Member of the Ohio House of Representatives from the 82nd district
- Incumbent
- Assumed office January 1, 2023

Personal details
- Born: November 20, 1960 (age 65) Haviland, Ohio, U.S.
- Party: Republican
- Spouse: Deborah Klopfenstein

= Roy Klopfenstein =

American politician (born 1960)

Roy W. Klopfenstein is an American politician who is serving as the state representative for the 82nd District of the Ohio House of Representatives since 2023. The 82nd District consists of counties of Paulding, Putnam, Van Wert, and a portion of Defiance. Klopfenstein is running for reelection in 2024.

== Biography ==
Klopfenstein was born and raised in Haviland, Ohio. He graduated from Wayne Trace High School; He then attended Purdue University, where he got a degree in agriculture. He is a self-employed farmer since 1983.

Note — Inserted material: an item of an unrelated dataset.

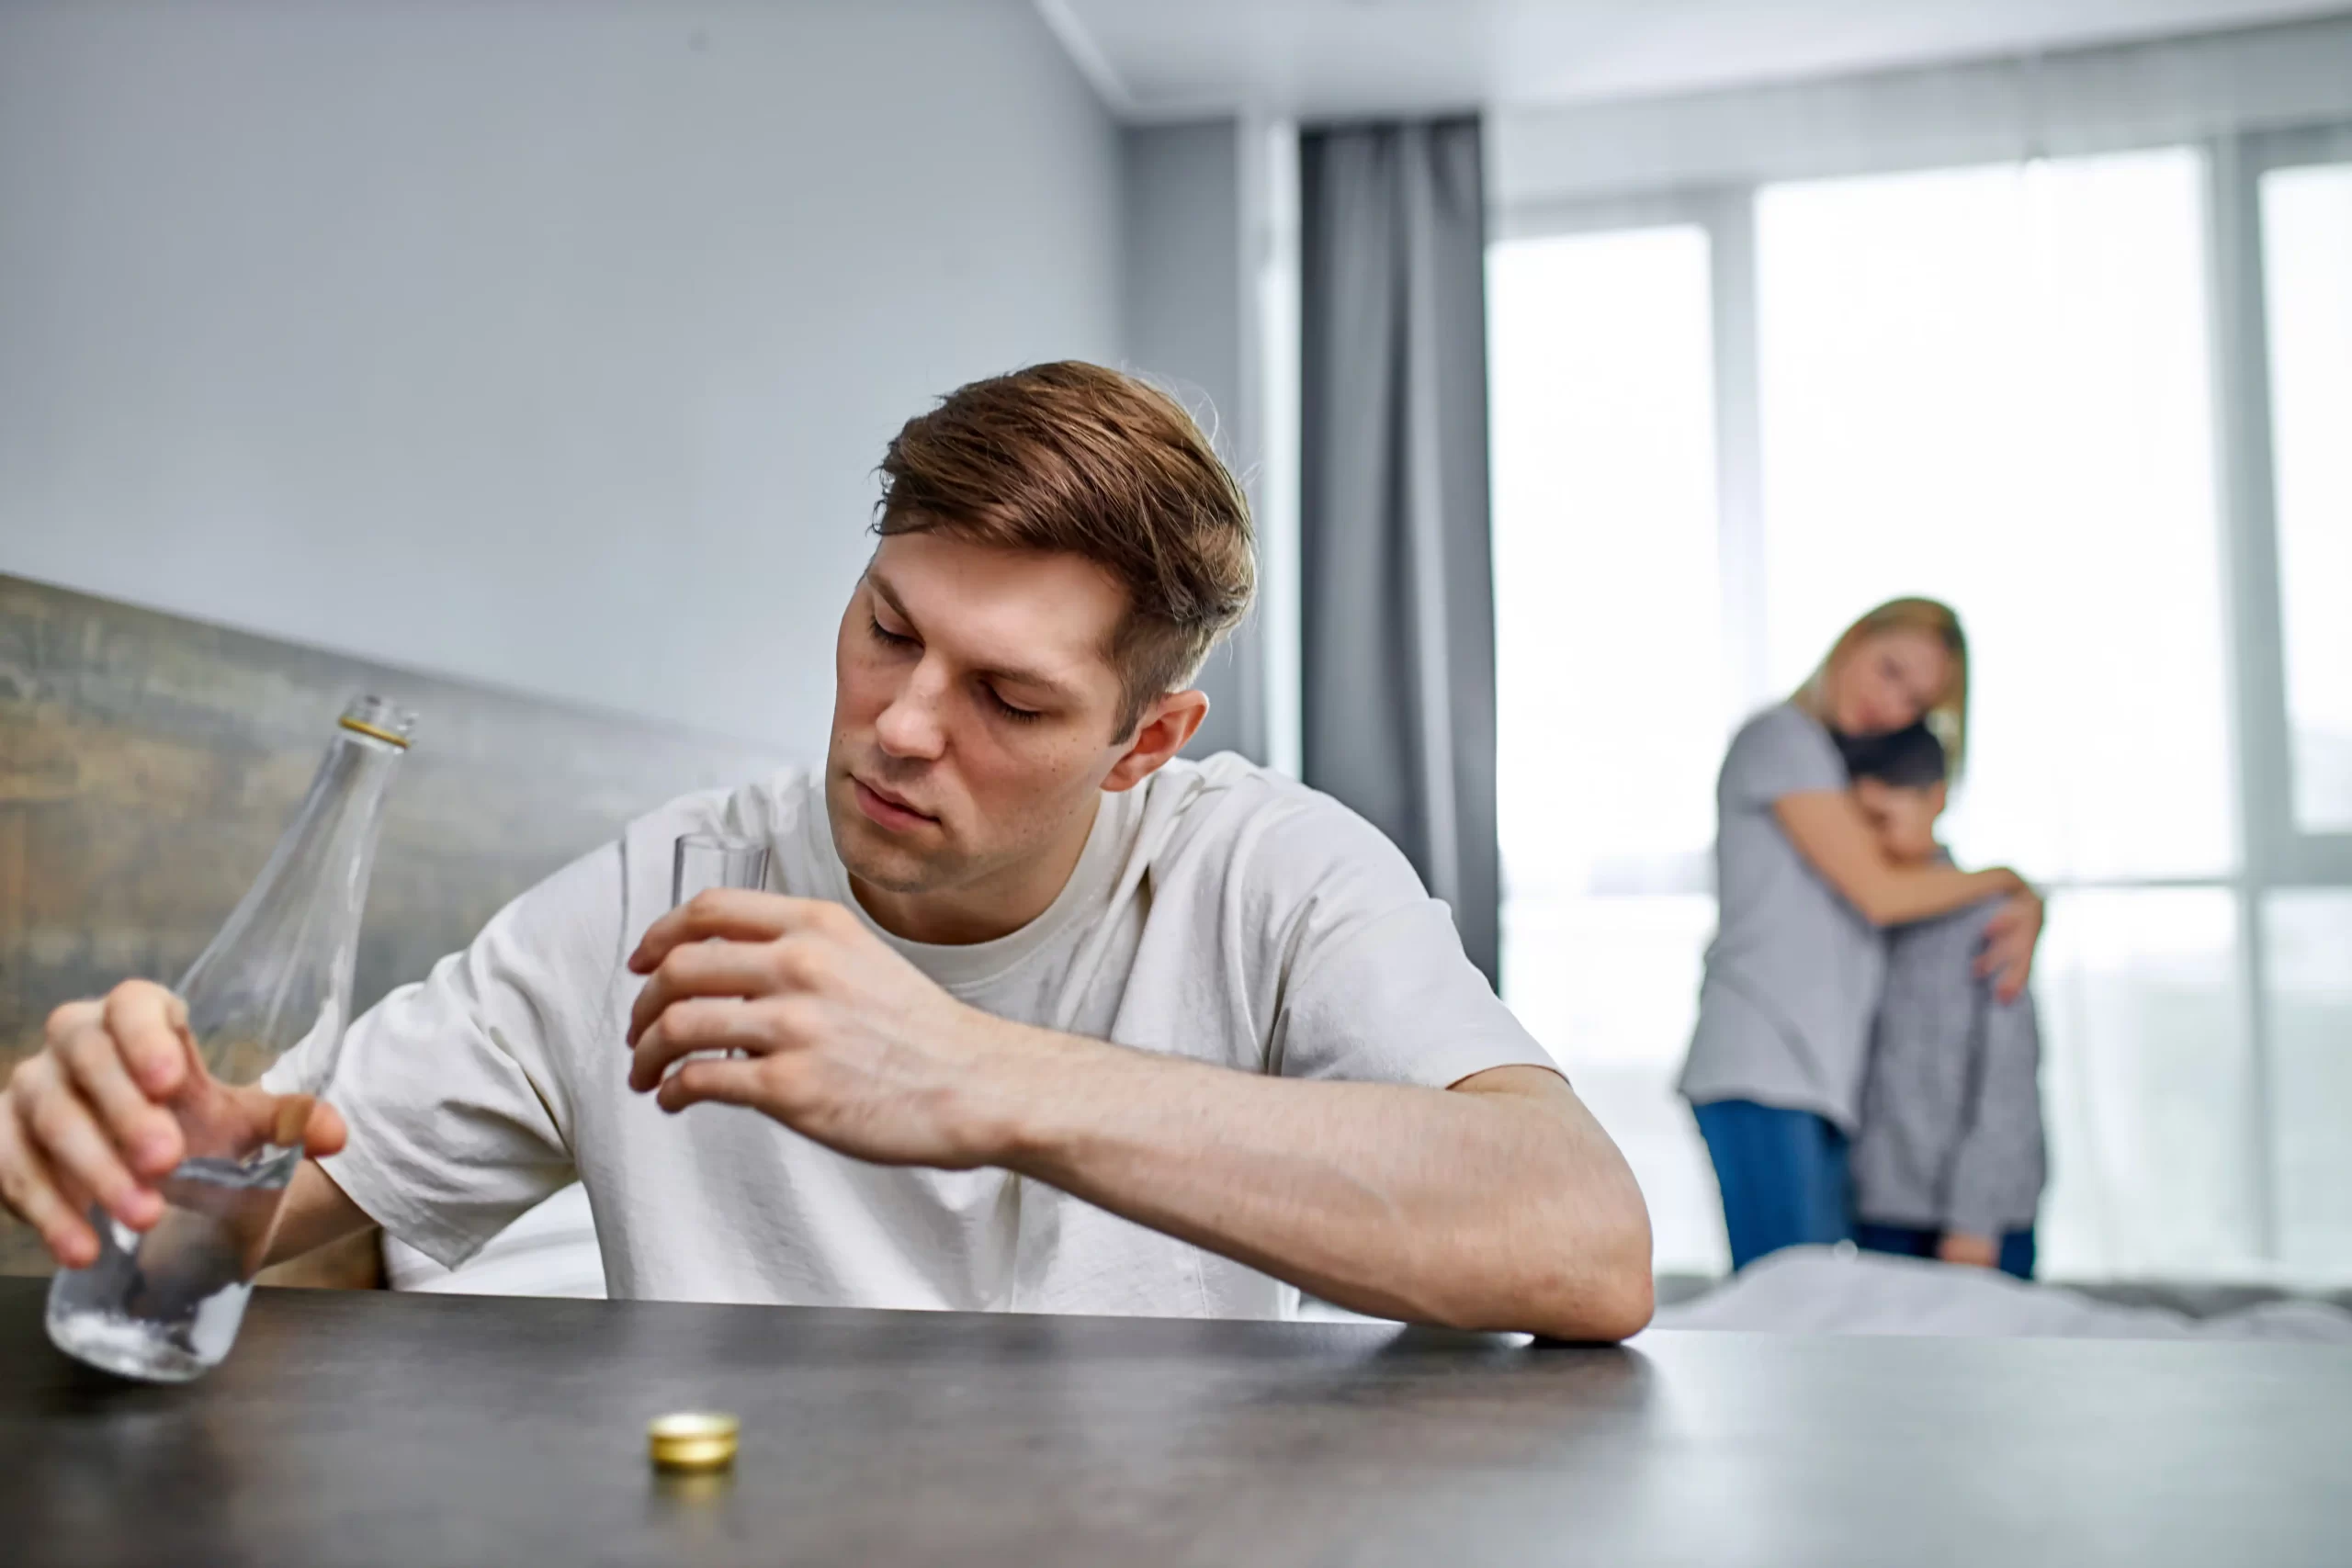 man struggling with addiction with wife and kid in the background experiences trauma

Klopfenstein is a former state committee member of the USDA Farm Service Agency, and is currently a member of the Ohio Soybean Association, Ohio Corn & Wheat Growers Association and Ohio Farm Bureau. He was also a former chairman of the Pauling County Extension Advisory Committee and The Ohio State University State Extension Advisory Committee.

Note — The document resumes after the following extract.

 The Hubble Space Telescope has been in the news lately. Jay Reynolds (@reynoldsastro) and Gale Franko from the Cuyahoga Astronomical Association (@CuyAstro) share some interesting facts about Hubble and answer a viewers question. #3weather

In 1982, Roy married Deborah, and they have four sons.

== Ohio House of Representatives ==

In 2022, Klopfenstein ran for the 82nd District, and won the primaries against Ted Penner, with 4,745 votes against Penner's 1,966. He then won the general election against his opponent, Magdalene Markward.

Klopfenstein was sworn in on January 1, 2023. He is running for reelection, and won the primaries unopposed.